Project Overview

This project showcase a data science life cycle, where I clean and prepare the dataset, use feature engineering, machine learning, deploy, and data visualization.

data science cycle of this project in a diagram

The dataset comes from kaggle, it has a lot of information about a person’s credit and bank details, but it also has a lot of typos, missing data, and censored data. This dataset needed cleaning and also needed some feature engineering, I needed to mutate some features, so they could be read by the model. Thus when presented with categorical data I needed to identify if it was ordinal or nominal, if it was an ordinal variable then it would be mapped to sequential numbers otherwise I’d make a dummy. For yes and no variables I choose to make just one dummy, but for types of loans I made one dummy for each loan type and if someone didn’t have a loan they simply get 0 on all loan type features. I talk about the process of cleaning and feature engineering on this dataset here.

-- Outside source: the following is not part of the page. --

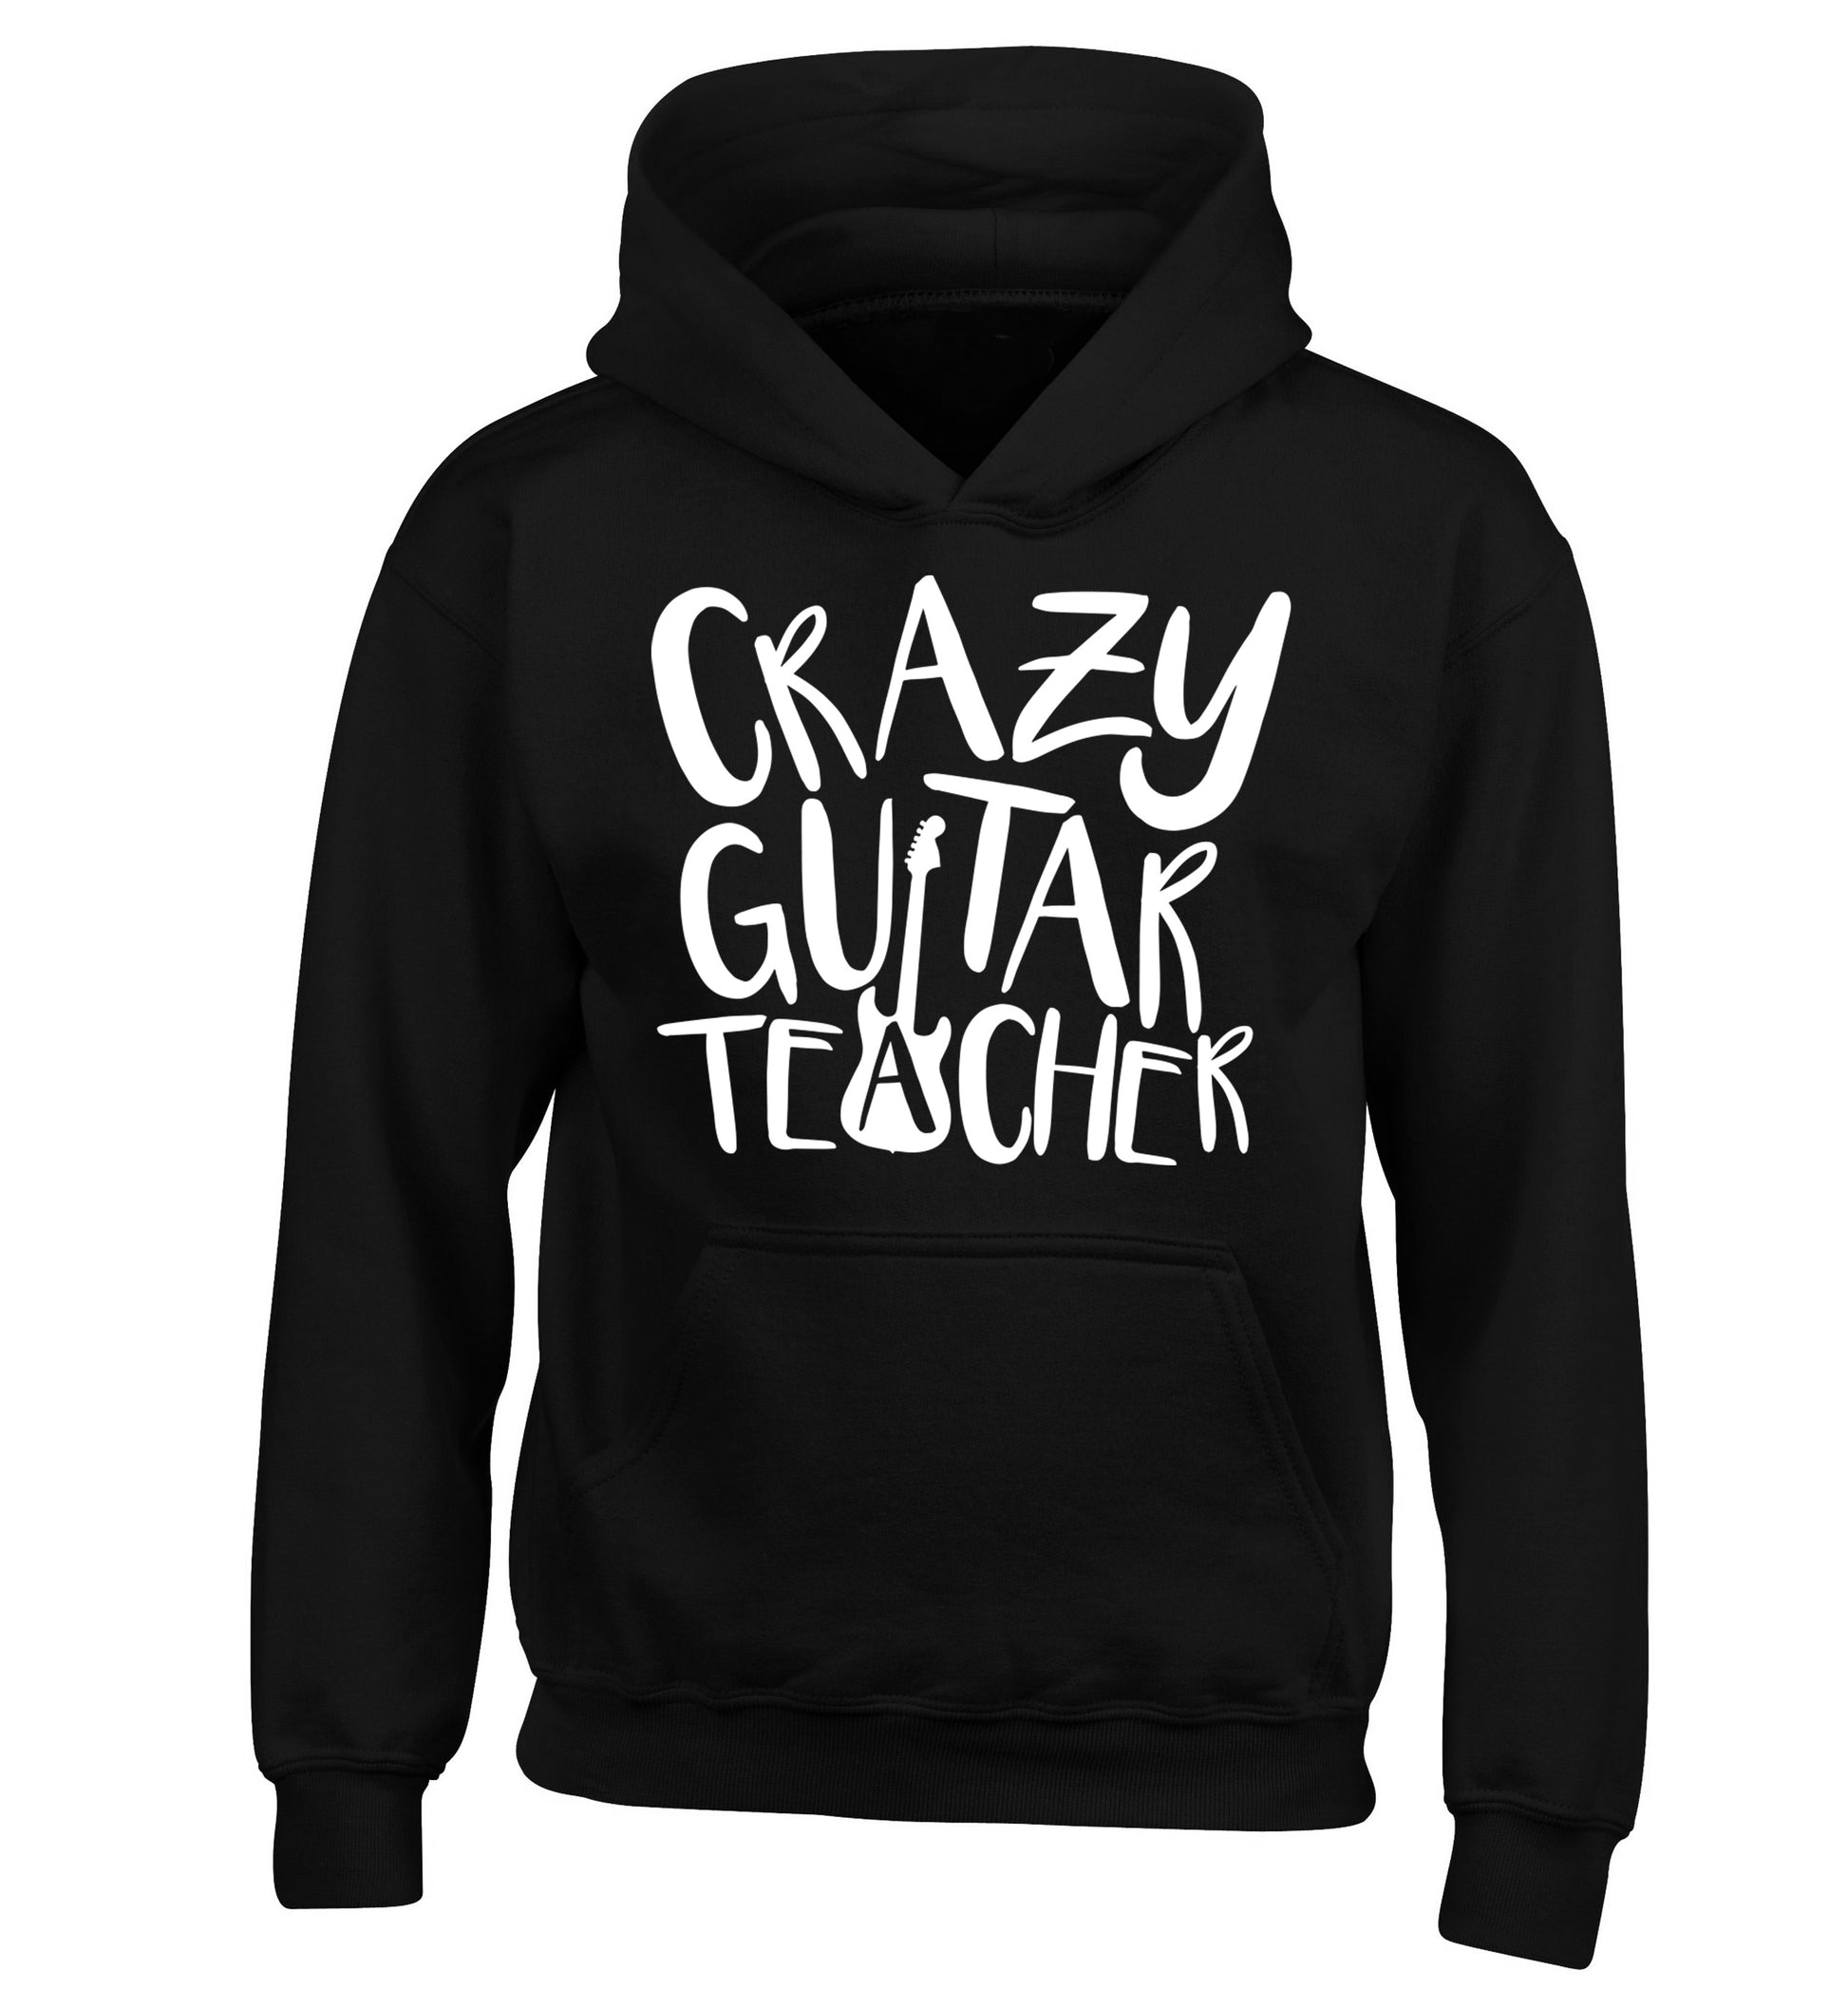 Crazy guitar teacher children's black hoodie 12-13 Years
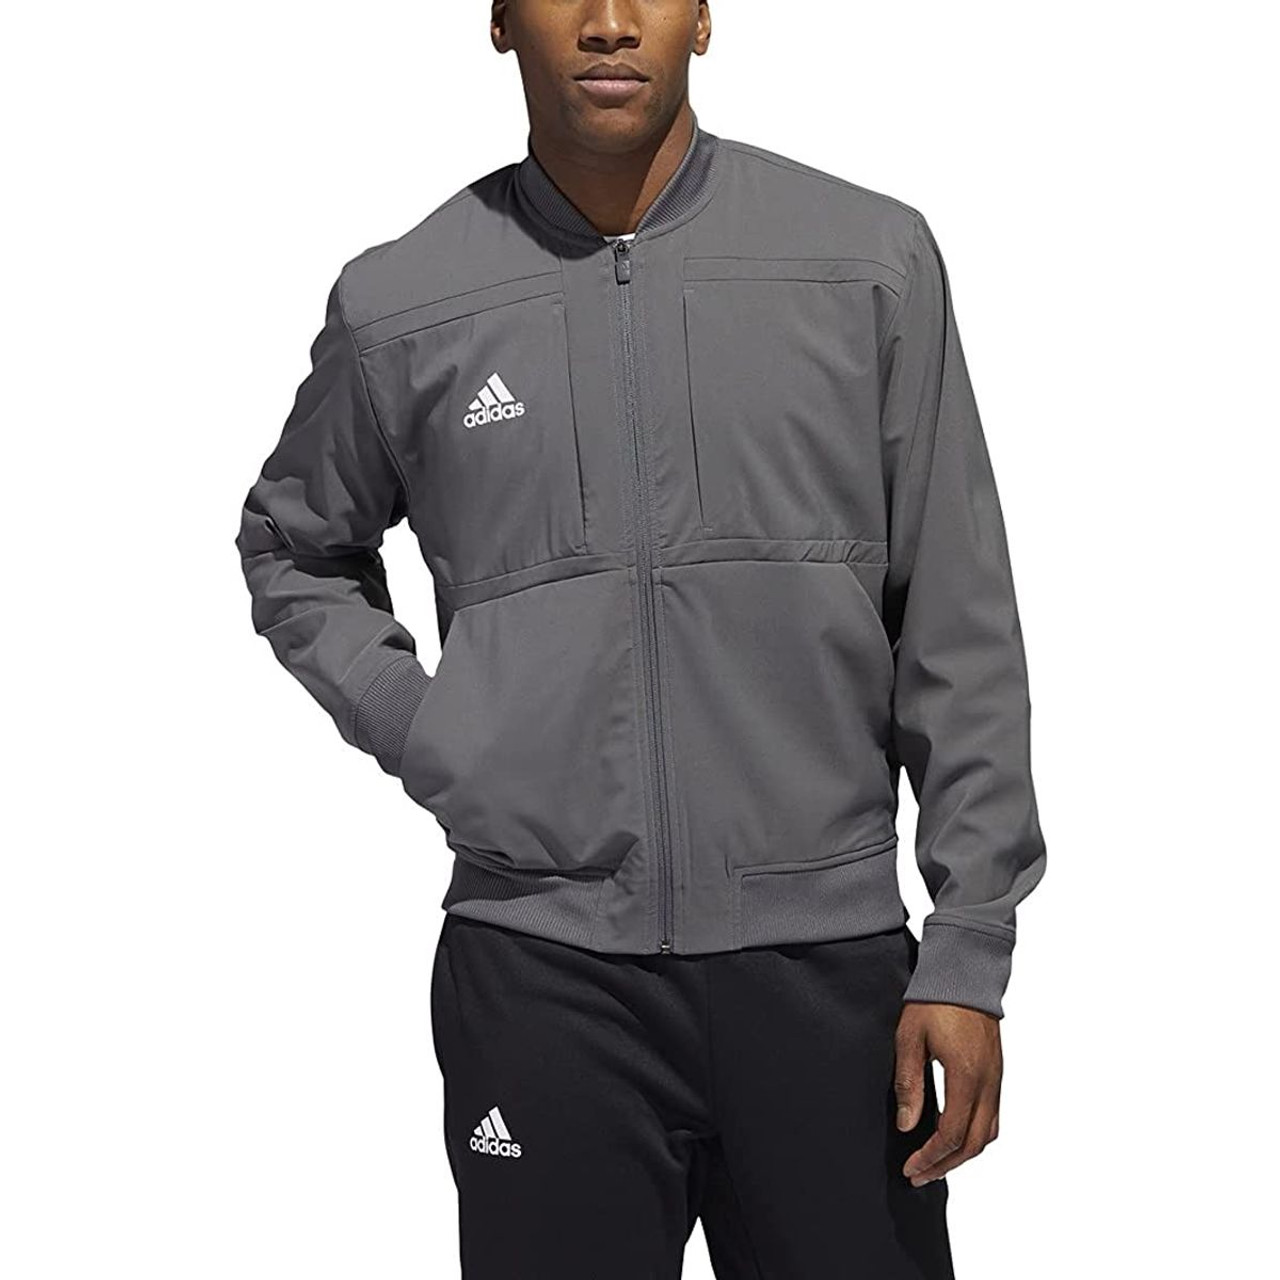  Adidas Men's Casual Urban Bomber Jacket product image

Then I needed a machine learning model that I could predict a person’s credit score based on some features. To decide which features I was going to use I based my decision on what is commonly used among real companies, and I also choose variables that I thought made sense. I ended up with the following features:

  • Age
  • Annual income
  • Number of bank accounts
  • Number of credit cards
  • Number of delayed payments
  • Credit card utilization ratio
  • Total EMI paid monthly
  • Credit history age in months
  • Loans
  • Missed any payment in the last 12 months
  • Paid minimum amount on at least one credit card

With the features ready, I moved on to making the model, I decided to use a simple Random Forest, for now, I do intend to work on making this model better, but in this first instance, I wanted to focus on making the streamlit app.

After I finished the model I serialized it and the scaler using the pickle package. To deploy the model and build a visualization I used streamlit.

a gif showing how the streamlit credit score app works

In this app, you can fill out a form or just select one of the three default profiles given to see how the model evaluates each person’s credit score. It also presents how certain the model was by displaying a pie graph with the probability (in percentage) of each credit score group the answers fit. It also shows how much each feature counts towards your credit score, according to this model. You can see the app live here.


All of the code is available at my GitHub repository. Besides the code, there you’ll find the documentation, the original and treated data (all the stages of treatment), all the requirements for building this project, and how to run it locally.